Part VIII, Chapter 3 | Page 1 of 3

Partial Wave Expansion

Exact method for spherical potentials: decompose scattering into angular momentum channels

Why Partial Waves?

For a spherically symmetric potential $V(r)$, the angular momentum$\ell$ is a good quantum number. Each angular momentum channel scatters independently, and the full scattering problem decomposes into a set of one-dimensional radial equations—one for each value of $\ell$.

Advantages over Born Approximation

Exact for spherically symmetric potentials (no perturbative approximation)
Works for strong potentials and low energies where Born fails
Captures resonances naturally through phase shift behavior
Systematic: improve accuracy by including more $\ell$ values
At low energy, only a few partial waves contribute ($\ell_{\max}\sim ka$)

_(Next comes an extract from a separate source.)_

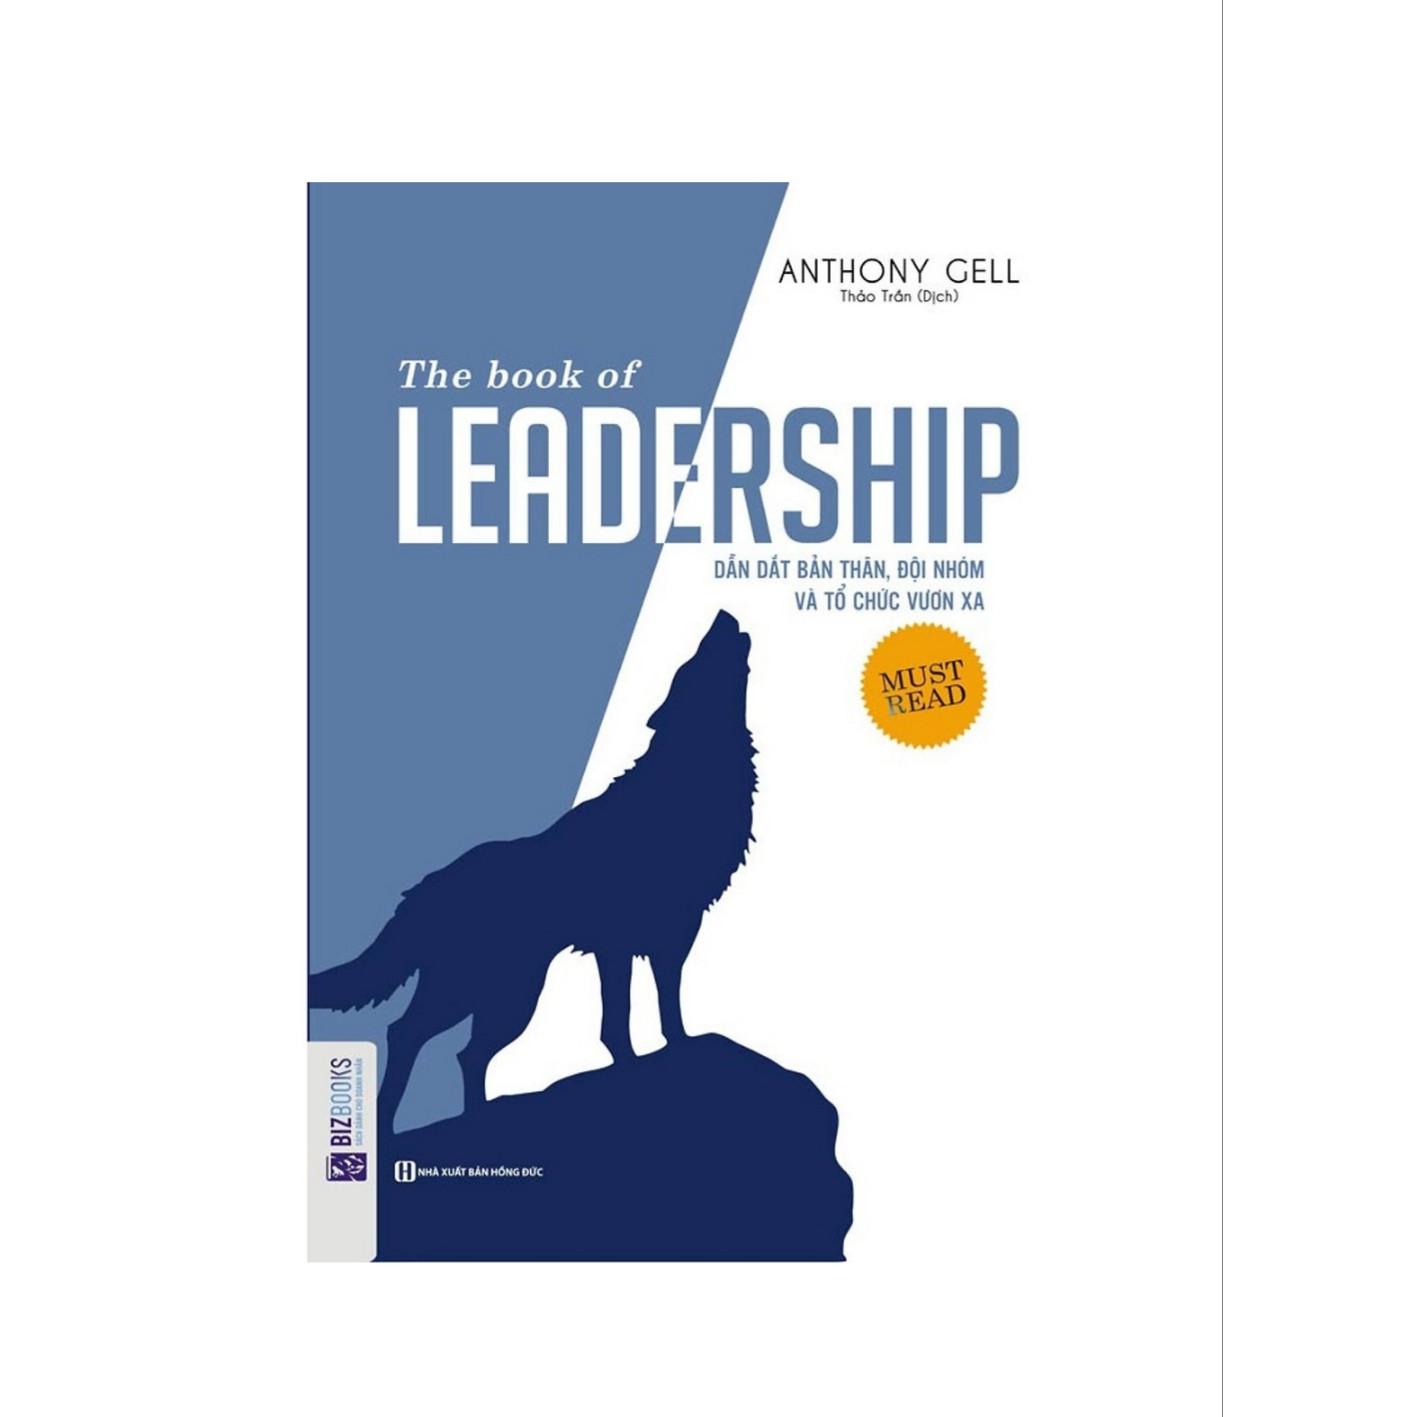 The book of Leadership - Dẫn dắt bản thân- và đội nhóm vươn xa ( tặng bút chì đầu tẩy dễ thương)

Plane Wave Expansion in Partial Waves

The starting point is the expansion of an incident plane wave (propagating along the$z$-axis) in terms of spherical waves. This is the Rayleigh formula:

Rayleigh Plane Wave Expansion

$$\boxed{e^{ikz} = e^{ikr\cos\theta} = \sum_{\ell=0}^{\infty}(2\ell+1)\,i^\ell\,j_\ell(kr)\,P_\ell(\cos\theta)}$$

Here $j_\ell(kr)$ are the spherical Bessel functions of the first kind, and $P_\ell(\cos\theta)$ are the Legendre polynomials. The factor$(2\ell+1)$ is the degeneracy of each angular momentum channel, and$i^\ell$ is a phase factor.

Each term in the sum represents a definite angular momentum $\ell$ with$m = 0$ (azimuthal symmetry about the beam axis). The spherical Bessel functions have the asymptotic form:

$$j_\ell(kr) \xrightarrow{r\to\infty} \frac{\sin(kr - \ell\pi/2)}{kr} = \frac{e^{i(kr-\ell\pi/2)} - e^{-i(kr-\ell\pi/2)}}{2ikr}$$

This represents equal incoming and outgoing spherical waves—no net flux in any partial wave, as expected for a free particle.

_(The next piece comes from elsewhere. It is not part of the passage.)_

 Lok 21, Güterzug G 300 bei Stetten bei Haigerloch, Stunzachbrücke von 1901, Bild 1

Effect of the Potential: Phase Shifts

When a spherically symmetric potential is present, the radial wavefunction for each$\ell$ is modified. Outside the range of the potential ($r > a$), the radial equation reduces to the free equation, and the general solution is:

$$u_\ell(r) \xrightarrow{r\to\infty} A_\ell\sin\!\left(kr - \frac{\ell\pi}{2} + \delta_\ell\right)$$

The only effect of the potential on the asymptotic wavefunction is to introduce a phase shift $\delta_\ell$ for each partial wave. This is a remarkable simplification: all the information about scattering from a spherical potential is encoded in the set of numbers $\{\delta_0, \delta_1, \delta_2, \ldots\}$.

Without the potential, $\delta_\ell = 0$ for all $\ell$. An attractive potential ($V < 0$) "pulls in" the wavefunction, producing positive phase shifts. A repulsive potential ($V > 0$) "pushes out" the wavefunction, producing negative phase shifts.

Scattering Amplitude from Phase Shifts

Comparing the asymptotic form of the full wavefunction with the standard scattering form $\psi \sim e^{ikz} + f(\theta)\,e^{ikr}/r$, and using the partial wave expansion, one obtains:

Partial Wave Expansion of Scattering Amplitude

$$\boxed{f(\theta) = \sum_{\ell=0}^{\infty}(2\ell+1)\,f_\ell\,P_\ell(\cos\theta)}$$

where the partial wave amplitude $f_\ell$ is:

Partial Wave Amplitude

$$\boxed{f_\ell = \frac{e^{2i\delta_\ell} - 1}{2ik} = \frac{1}{k}\,e^{i\delta_\ell}\sin\delta_\ell}$$

The two forms are equivalent. The first makes the connection to the $S$-matrix transparent ($S_\ell = e^{2i\delta_\ell}$), while the second is useful for direct calculation.

Total Cross Section

The differential cross section is $d\sigma/d\Omega = |f(\theta)|^2$. Integrating over solid angles and using the orthogonality of Legendre polynomials:

$$\int_0^\pi P_\ell(\cos\theta)\,P_{\ell'}(\cos\theta)\,\sin\theta\,d\theta = \frac{2}{2\ell+1}\,\delta_{\ell\ell'}$$

the cross terms vanish and we obtain:

Total Cross Section

$$\boxed{\sigma_{\text{tot}} = \frac{4\pi}{k^2}\sum_{\ell=0}^{\infty}(2\ell+1)\sin^2\delta_\ell}$$

Each partial wave contributes independently to the total cross section. The maximum contribution from a single partial wave occurs when $\delta_\ell = \pi/2 + n\pi$(a resonance), giving the unitarity limit:

$$\sigma_\ell^{\max} = \frac{4\pi}{k^2}(2\ell+1)$$

No partial wave can scatter more than this amount—a direct consequence of probability conservation (unitarity).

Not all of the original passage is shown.